Socially just alternatives
Incinerators are a bad idea. Much has already been written about their polluting effects. But it is not the fear of chemical pollution from the incinerator that has prompted the GCC to locate it in Kodungaiyur. It is the abhorrence of the ritual pollution that wastes represent in our caste-riven society.
Centralised incinerators are both environmentally unsustainable and socially unjust. They worsen the harms caused by waste, imposing both ritual and chemical pollution on already burdened communities to benefit others.
If Chennai truly internalised the ideals of social justice that Tamil Nadu so often invokes, it would explore alternatives that at the very least distribute the harms of waste more fairly, even if they do not eliminate them altogether.
If the GCC genuinely believes its facility can operate without toxic emissions, and that any violations would be addressed by the Tamil Nadu Pollution Control Board (TNPCB), and if the state government is serious about upholding the ideals of social justice, then it should consider the two alternatives presented below.
Both sites are in Zone 13, and lie between 350 metres and 1.3 km from the TNPCB’s headquarters. The high visibility of the location, and the political agency of Zone 13’s elite, would ensure transparent and accountable operation of the facility.
These sites are also much closer to Zones 9 to 15, the city’s main generators of incinerable and plastic waste. Thus, vehicular transport emissions can also be minimised.
Alternative Site 1: Golf Course, Saidapet
The golf course spans 80.4 acres of contiguous government land. The joint lease — held by the Tamil Nadu Golf Federation and the Cosmopolitan Club — is set to lapse on June 30, 2026. Golf serves no public purpose.
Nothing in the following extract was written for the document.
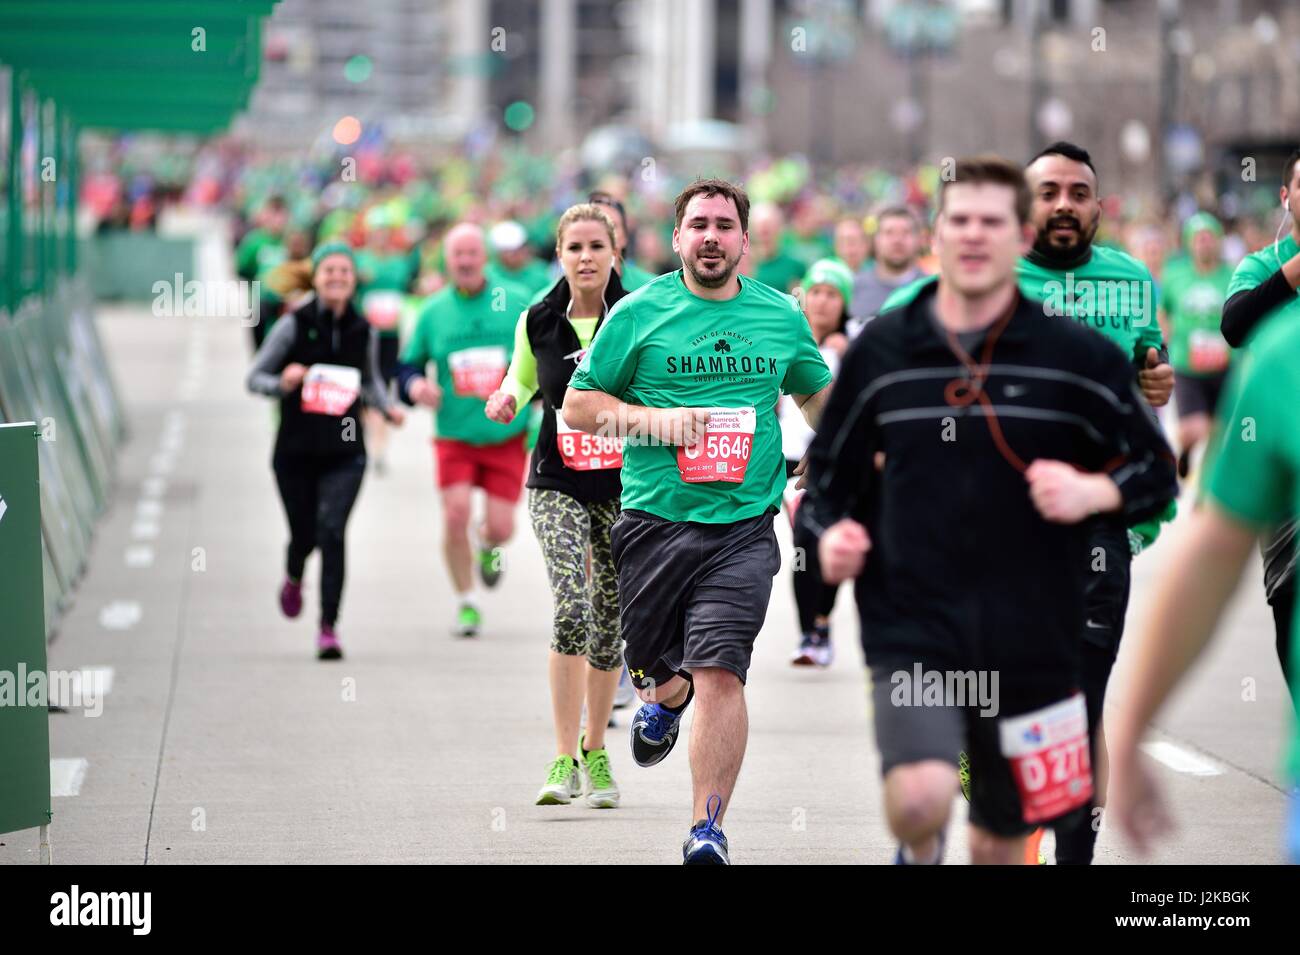 A sea of runners approachlng the finish line at the 2017 Shamrock Shuffle.  The annual race is an 8K route through downtown Chicago, Illinois, USA. Stock Photo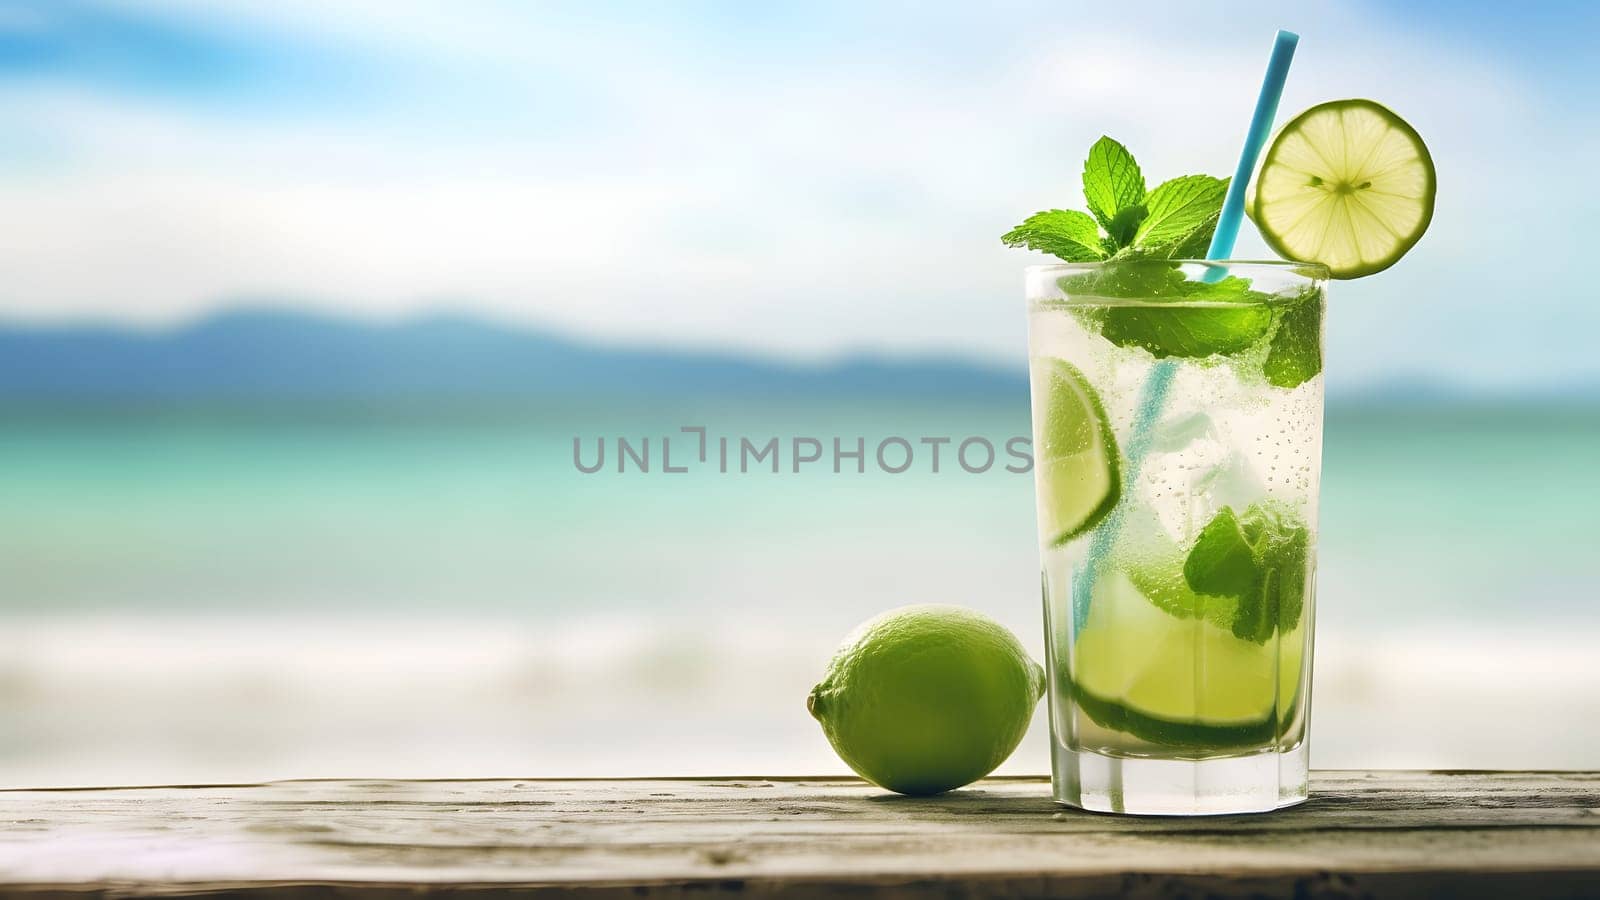 a glass of refreshing mint mojito summer drink on sea background at sunny day, closeup with selective focus and copy space, neural network generated image by z1b

The site is well connected via Anna Salai. If a decision on the lease has not been taken, the government should refuse renewal and use these lands for public good.
Alternative Site 2: Race Course, Guindy
The 148-acre site of the former race course, previously leased to the Madras Race Club, was taken back by the state government for non-payment of rent. Of this, 118 acres have been allocated to the Horticulture department for development as an eco-park. This is a laudable initiative. However, South Chennai already has ample green spaces — Semmozhi Poonga, Tholkappiyar Poonga, Guindy National Park, Pallikaranai Ramsar site, and the Theosophical Society Gardens. Social justice would be better served, and decades of insult to local communities compensated for, if the eco-park were to be in Kodungaiyur and the incinerator in Guindy.
A third alternative is Island Grounds, which offers the additional advantage of being close to both the Madras High Court and the Secretariat. If this becomes the site for the ISWPF, the golf course could be repurposed as fairgrounds, and both the race course and Kodungaiyur dumpyard could be transformed into eco-parks.
Nityanand is a writer and social activist. Views expressed are the author’s own.